If you are a highly motivated individual this course prepares you for a career working at the forefront of jewellery and metalwork. You build upon existing craft traditions, extending them in response to the needs of our rapidly changing society both in terms of function and style.

Your work on the course is project led and studio based. You develop and apply advanced skills using traditional and new technologies in the field. You also carry out research through practical and theoretical investigation.

Your individual project work includes research and creative work which explores your study topic. This is supported by lectures and seminars dealing with professional practice issues and reviewing progress. You also take part in regular group and individual tutorials.

This culminates with your final project that demonstrates you can deal with difficult contemporary questions and take a leading role in your profession as a designer. There are also residential study trips at home and abroad, complemented by opportunities to visit design conferences and debates.

See website for more information: https://www.shu.ac.uk/study-here/find-a-course/mamfa-design-jewellery-and-metalwork

Excellent facilities and creative resources

You have access to a huge range of creative resources to experiment and engage with including:
-3D printing for rapid prototyping.
-State-of-the-art hardware and software.
-Photography studios.
-A creative media centre.
-A gallery.
-Well-equipped workshops.

You also have access to our award-winning learning centre featuring a specialist art, design and media library and extensive online resources.

Research-led expertise

We are one of the oldest established art and design institutions in the UK, renowned for producing internationally recognised research. Your projects are supported by lecturers who are reknowned specialists in jewellery and metalwork. You benefit from a strong relationship between the masters design programme and the University’s Art and Design Research Centre which has gained international recognition for its work in both practice-based and strategic research. This has led to an approach to postgraduate study in design which emphasises the role of research in professional practice.

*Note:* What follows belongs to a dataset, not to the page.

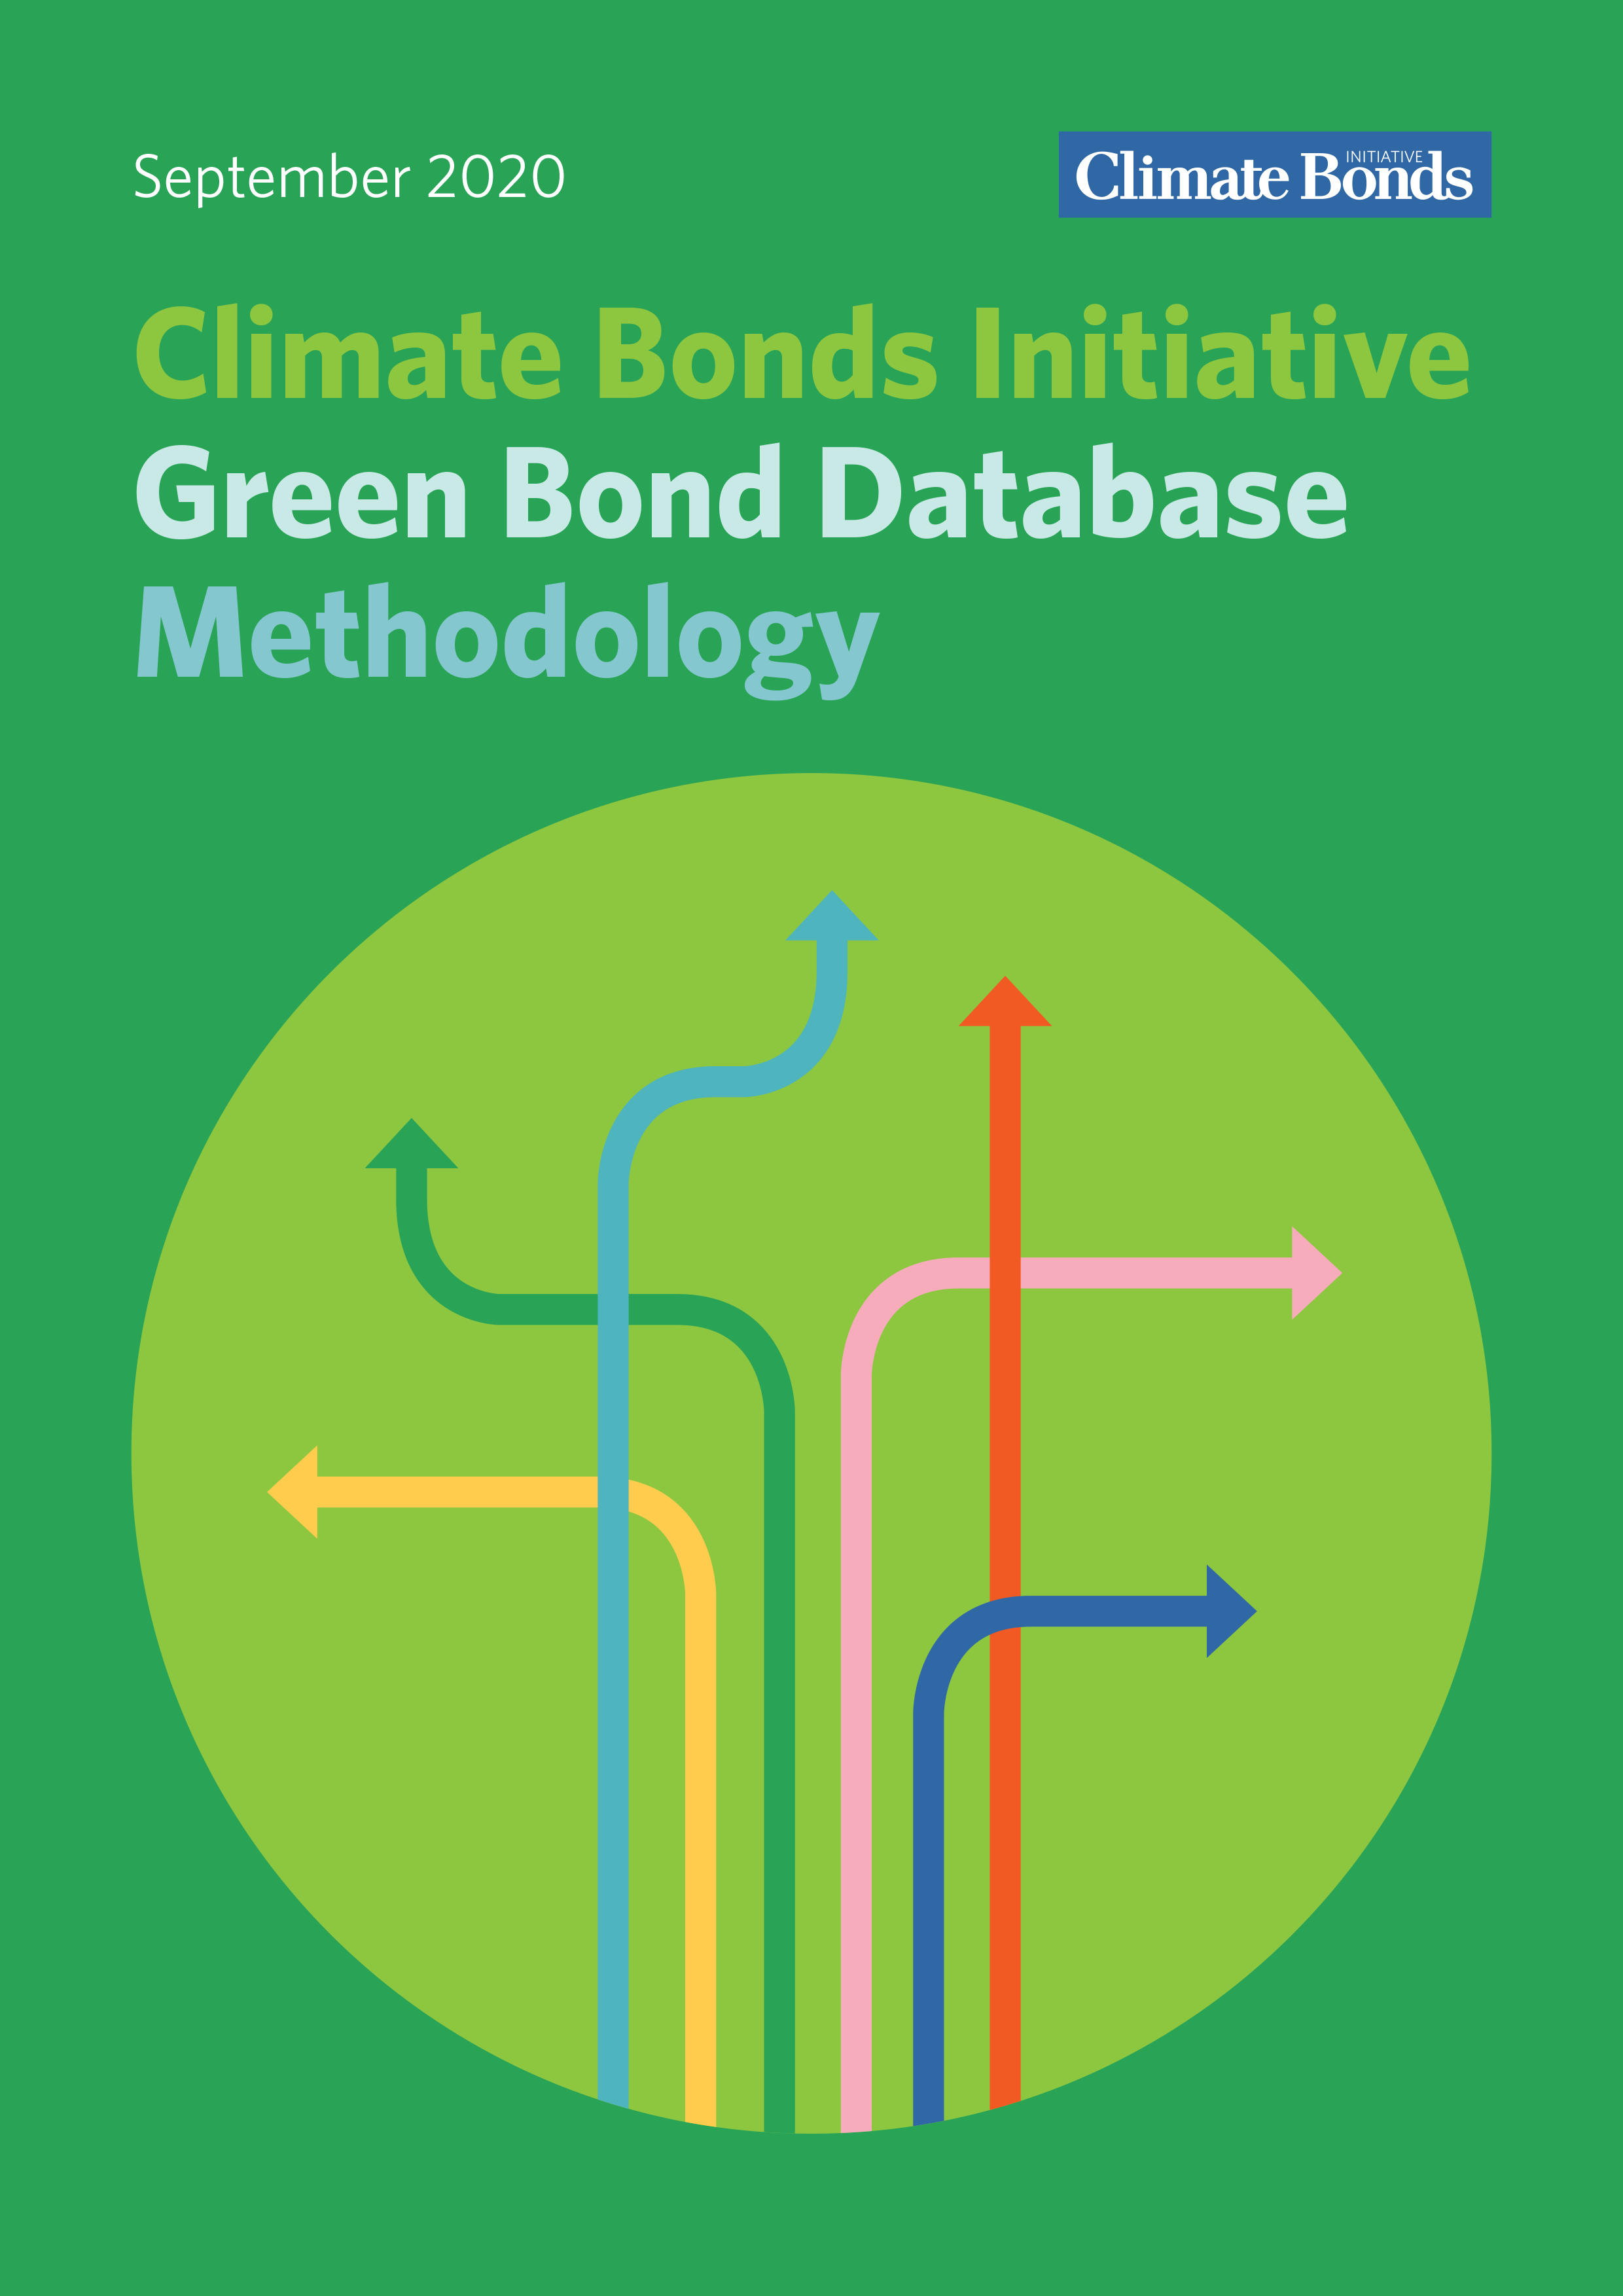 Green Bond Database Methodology

Vibrant and supportive learning environment

During the course you regularly take part in constructive critical debates about your own work and that of your peers. You need to communicate your research, ideas and designs in ways that are appropriate to professional leadership. You study alongside MA and MFA Design students for part of your course and benefit from a vibrant, international, collaborative and supportive postgraduate environment.

Sheffield: an international centre for excellence in metalwork

Sheffield is famous not only for its innovative steel and tool industries but also for being at the leading edge of the design and production of contemporary metalwork, silversmithing and tableware.

MA and MFA study

MA and MFA students complete the same modules during the course except that MFA students complete an extra project module. The MFA project encourages you to develop professional skills that help you to identify, instigate, and deliver projects with external partners, such as communities, galleries or businesses. You find a project partner, agree a brief and then deliver the project to a professional standard. We are normally asked to shortlist applicants before recommending a small number to apply. If this happens, we consider your interview, portfolio of work, academic qualifications and learning aims. We aim to pick people whose abilities and aims are relevant for the company and who are most likely to be successful in a competitive interview.

Course structure

MA
Full time – 1 year continuous or 16 months including a summer break.
Part time – typically 3 years.
MFA
Full time – typically 2 years.
Part time – typically 4 years.
When studying part-time, you share teaching with full-time students.
Starts September.

Full time structure
Semester One
-Project 1
-Theory supporting practice
Semester Two
-Project 2
-Negotiated project
Semester Three
-Major project
Semester Four – MFA students only
-MFA project

Part time structure
Semester One (Year 1)
-Theory supporting practice
-Negotiated project
Semester Two (Year 2)
-Project 1
-Project 2
Semester Three (Year 3)
-Major project
Semester Four – MFA students only (year 4)
-MFA project

Assessment: assessment and feedback are vital parts of the learning process in creative disciplines. Most assessment is through individual project work which combines research and creative practice.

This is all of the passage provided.